YOUR ASSIGNMENT:
Each word in the data below should be copied exactly; the images should not.
━━━━━ DATA SHOWN ━━━━━
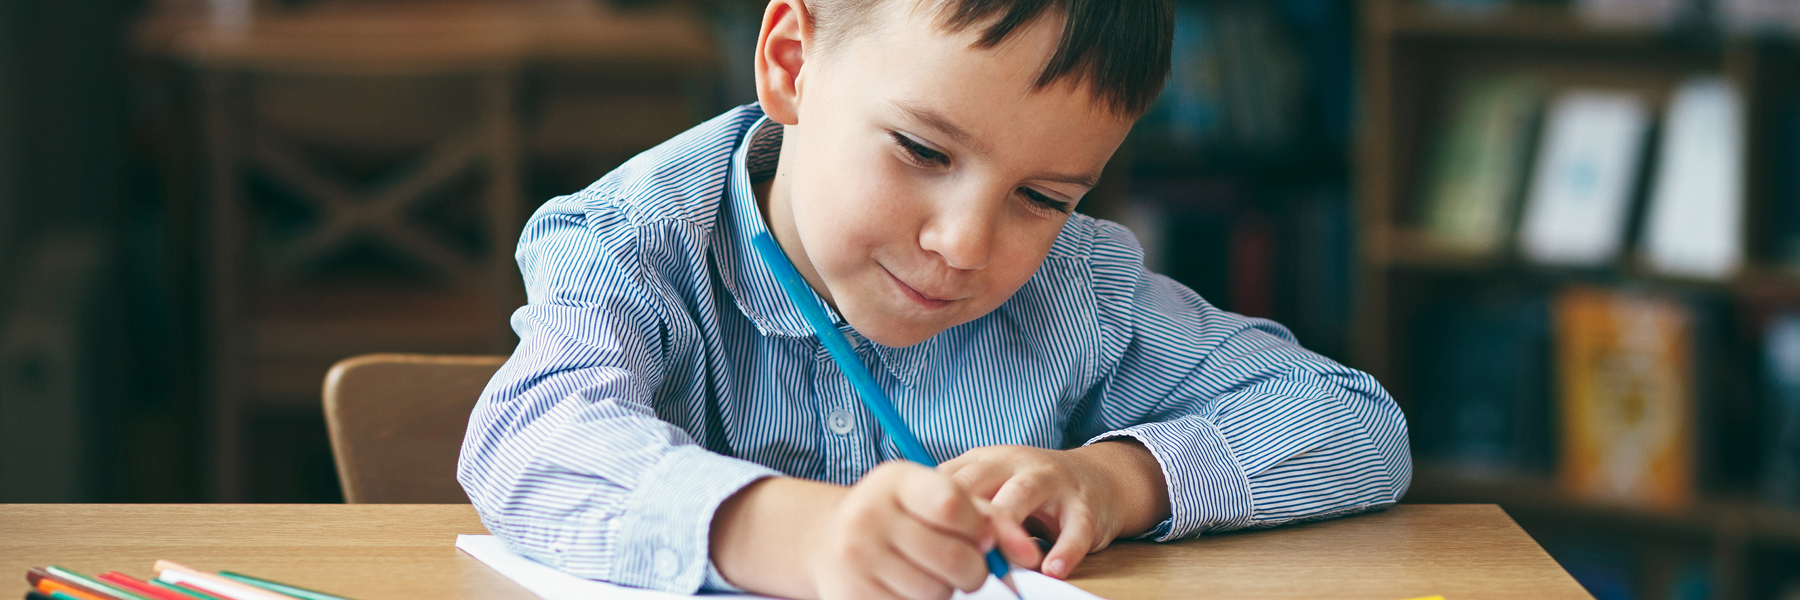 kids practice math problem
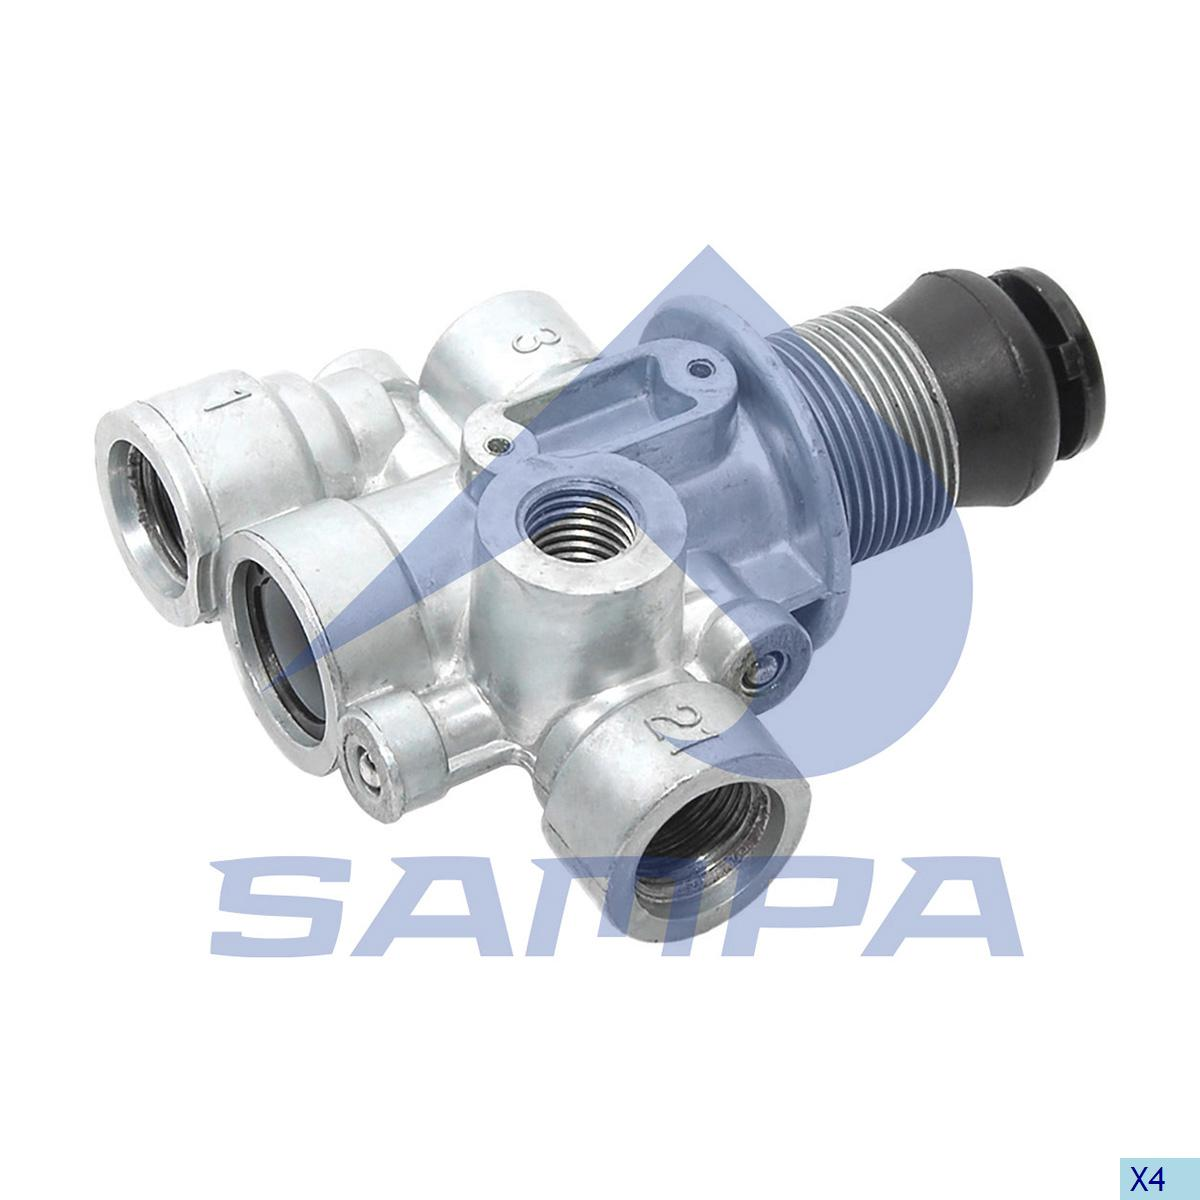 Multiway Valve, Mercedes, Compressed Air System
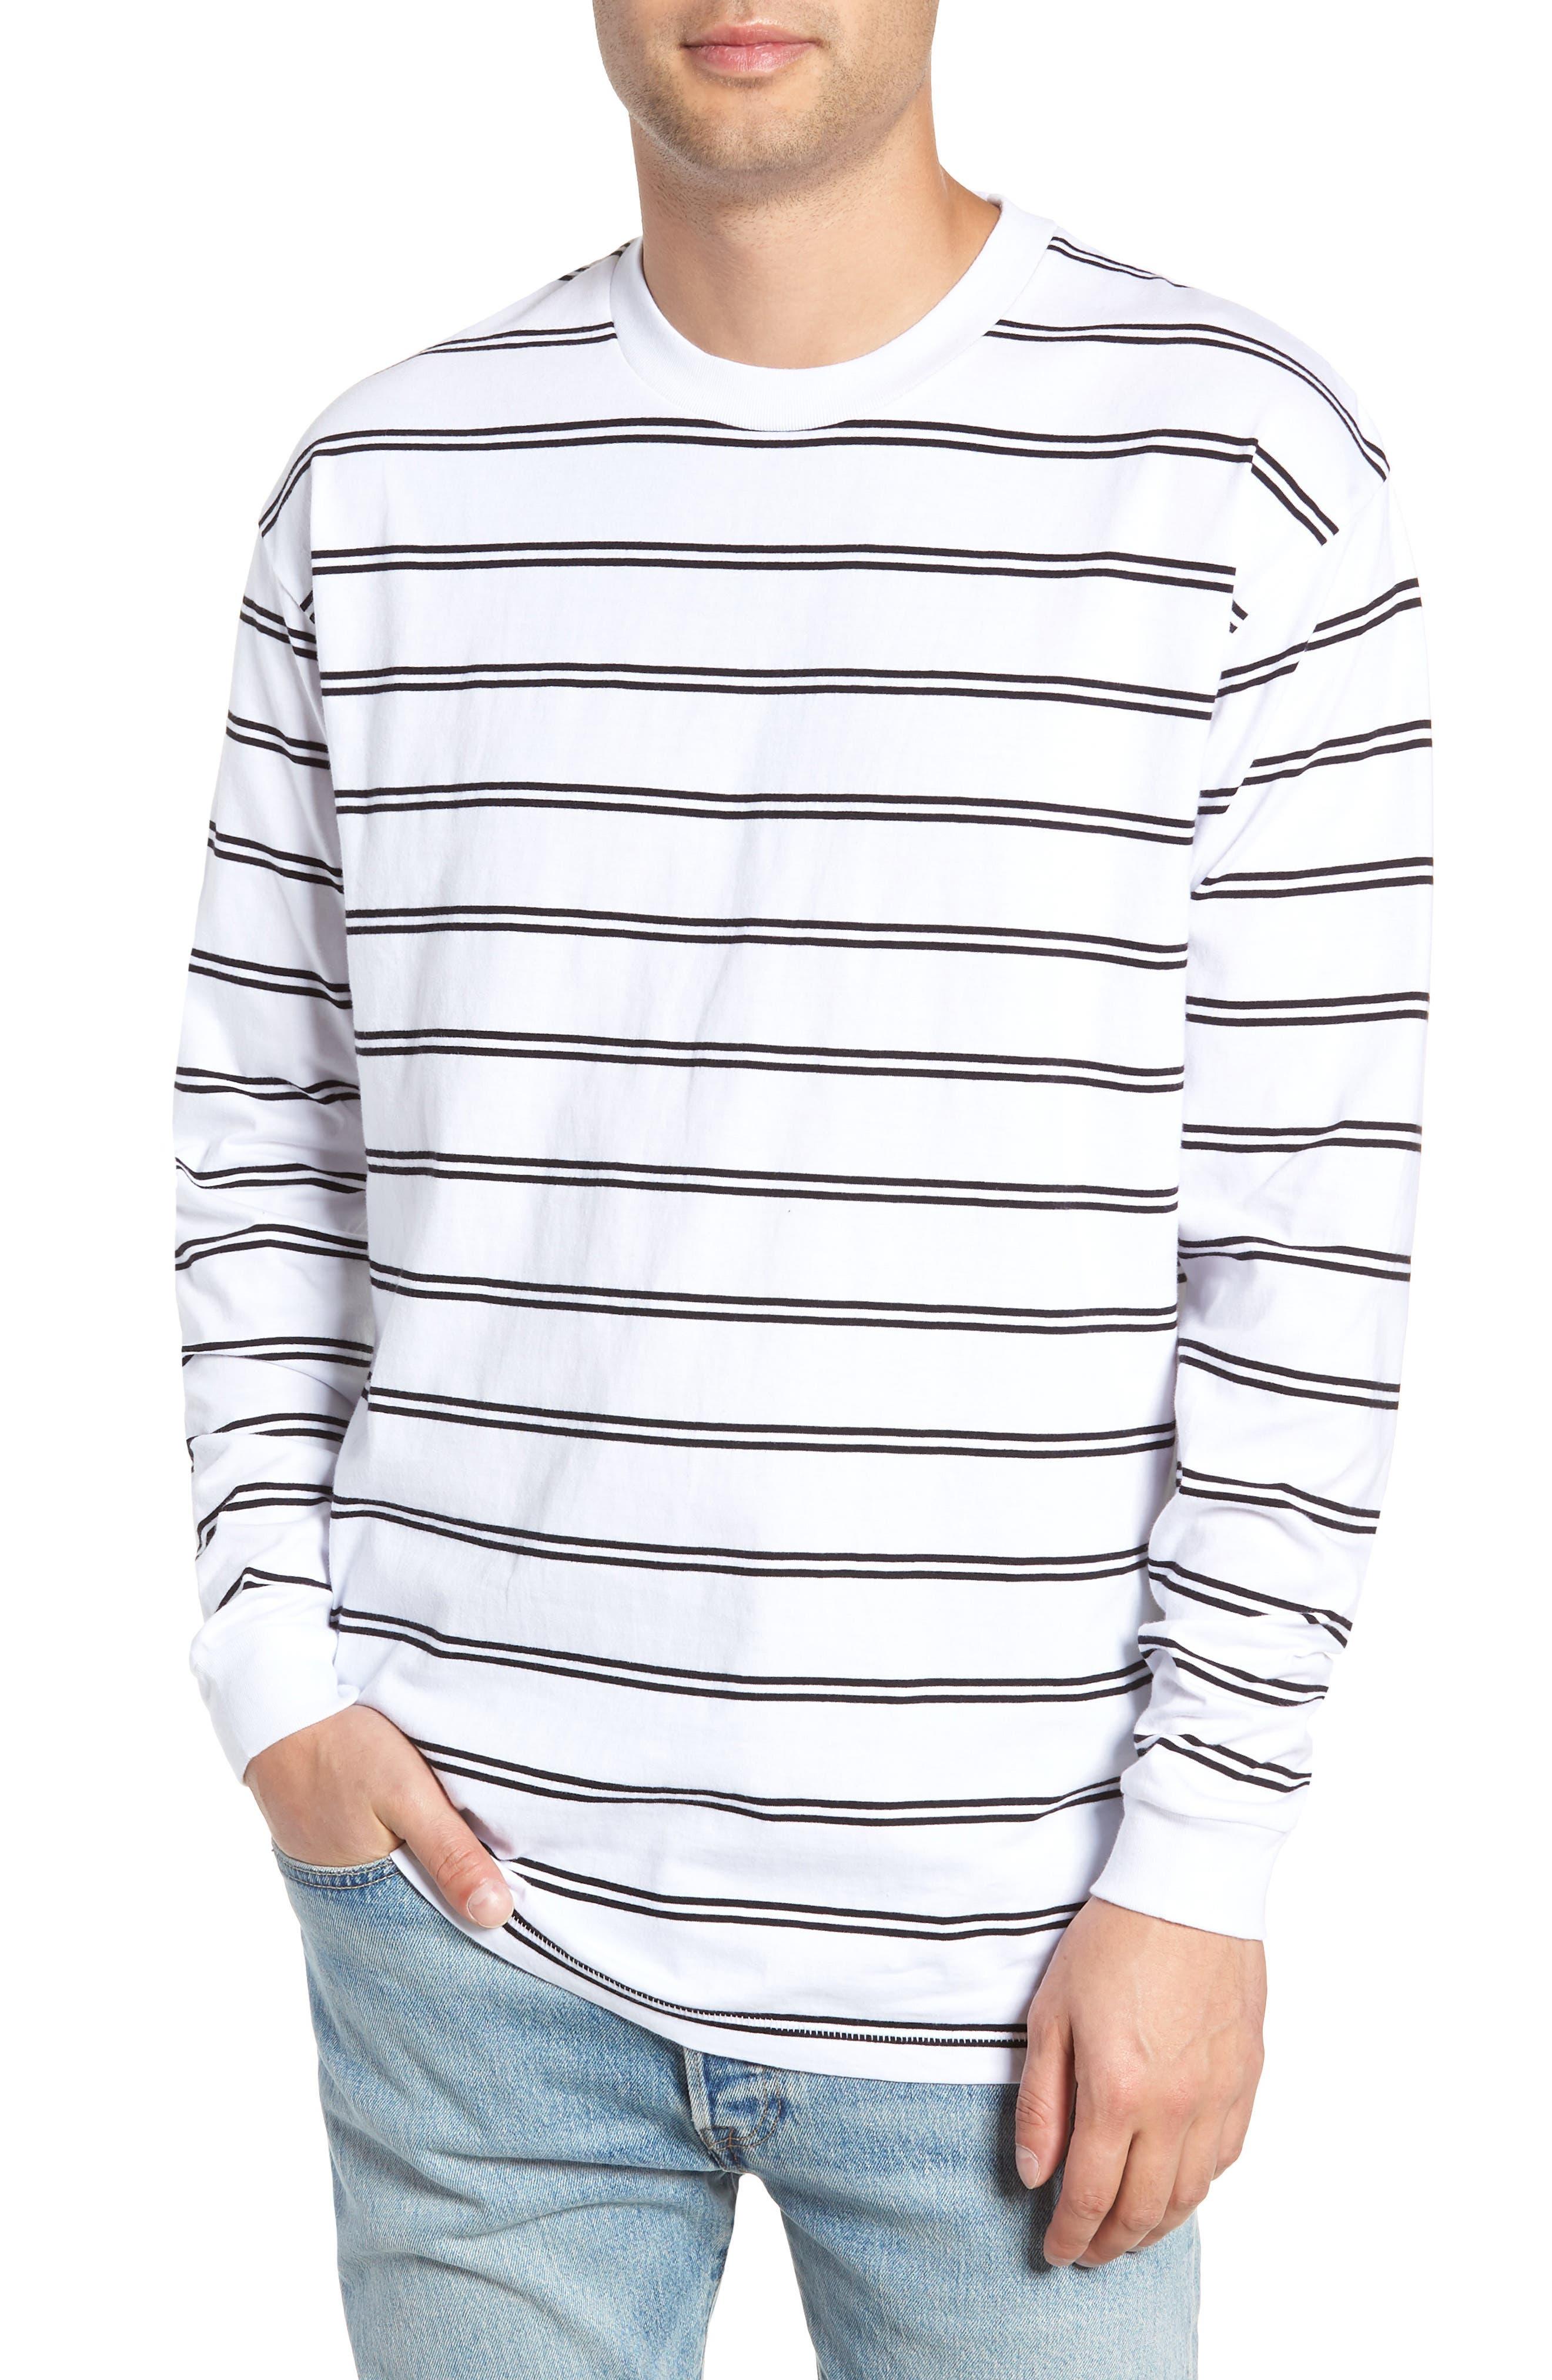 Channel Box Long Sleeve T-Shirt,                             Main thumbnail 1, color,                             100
━━━━━
TASK RESULT:
 kids practice math problem
 Multiway Valve, Mercedes, Compressed Air System
 Channel Box Long Sleeve T-Shirt,                             Main thumbnail 1, color,                             100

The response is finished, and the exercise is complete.